Aluspah Brewah

Personal information
- Full name: Aluspah Brewah
- Date of birth: August 24, 1983 (age 43)
- Place of birth: Freetown, Sierra Leone
- Height: 1.77 m (5 ft 10 in)
- Position: Forward

Senior career*
- Years: Team / Apps / (Gls)
- 1998–2001: Ashanti Gold SC / 27 / (16)
- 2001: Royal Antwerp FC / 4 / (0)
- 2001–2003: R. Charleroi S.C. / 67 / (0)
- 2003–2004: Flamengo / 0 / (0)
- 2004–2005: Hammarby IF / 7 / (1)
- 2005–2006: Fortaleza / 28 / (11)
- 2006–2007: FC Mashuk-KMV Pyatigorsk / 15 / (7)
- 2007–2009: Assyriska FF / 21 / (5)
- 2008: → Bodens BK (loan) / 17 / (0)
- 2010: Jiangsu Sainty / 9 / (2)
- 2011: Tianjin Songjiang / 12 / (0)
- 2011: Hà Nội

International career
- 2001: Sierra Leone / 3 / (0)

= Aluspah Brewah =

Swedish footballer

Aluspah Brewah (born August 24, 1983) is a retired Sierra Leonian international football player.

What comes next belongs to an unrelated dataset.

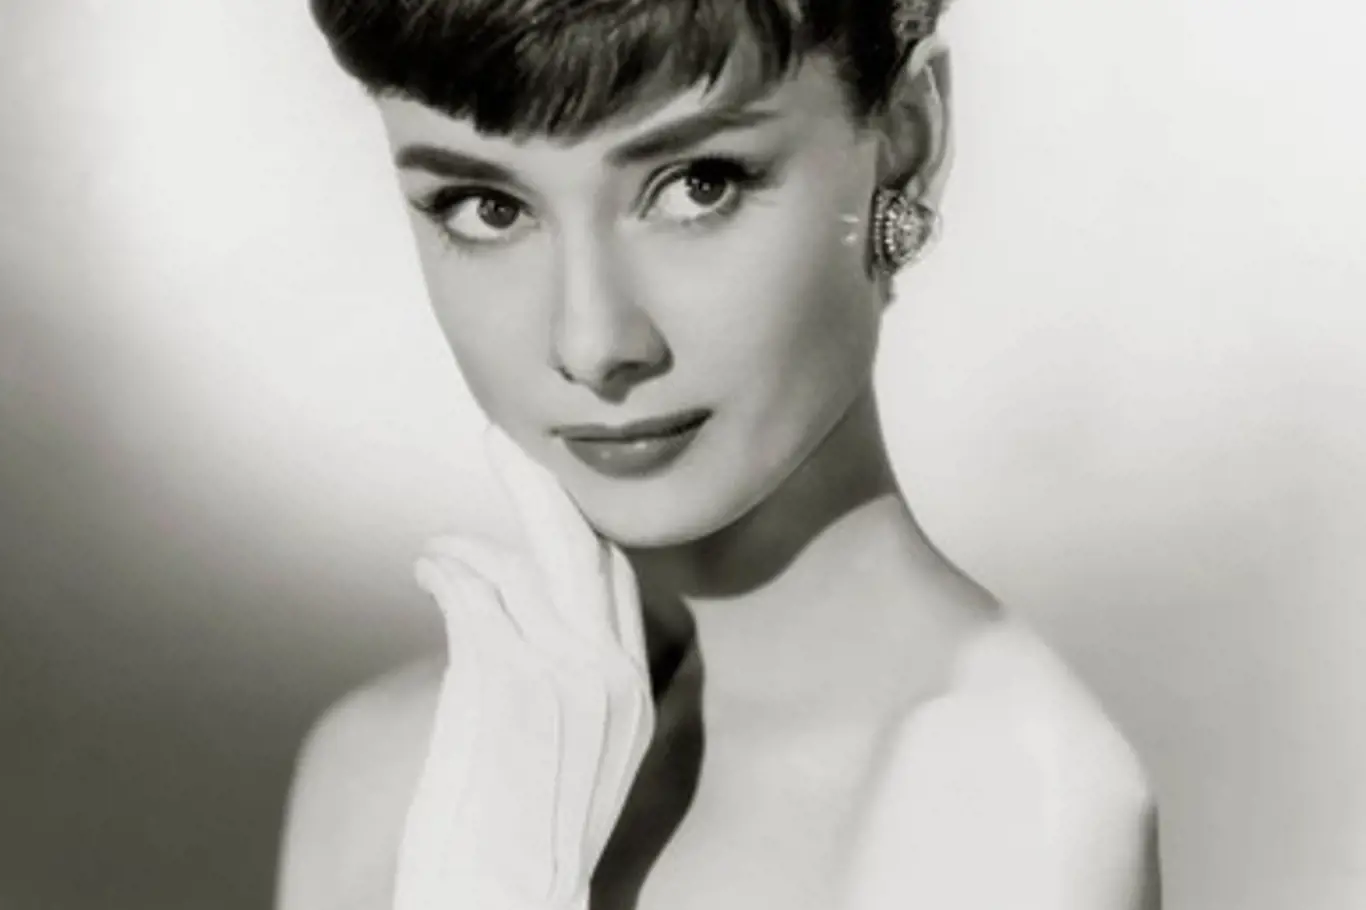 Nezapomenutelná herecká a módní ikona Audrey Hepburn trpěla komplexy

He last played as a striker for Hanoi F.C. in the Vietnamese Super League and also played for the Sierra Leone national football team.

==Early career==
At a young age of 14 years he was a member of the Sierra Leone Athletics team. He played with Ajax Academy in Ghana and Ashanti Gold SC West Africa before departing for Europe at the age of 17 years for Royal Antwerp FC of the Jupiler League.

==Professional play==
After playing in the Jupiler League for almost three seasons, Brewah moved to Flamengo in Brazil's Campeonato Brasileiro League. He stayed there for just one season, moving next to Sweden with Hammarby IF Allsvenskan.

He next went back to Brazil's Campeonato Brasileiro League to play for Fortaleza EC where he sign for only one season. He was given the option to extend his term, but choose to go to the Russian Premier League with FC Mashuk-KMV Pyatigorsk for one season. Next he returned to Sweden to play for Assyriska FF.

Brewah joined Jiangsu Sainty on a free transfer in July 2010.

He made 3 appearances for the Sierra Leone national football team.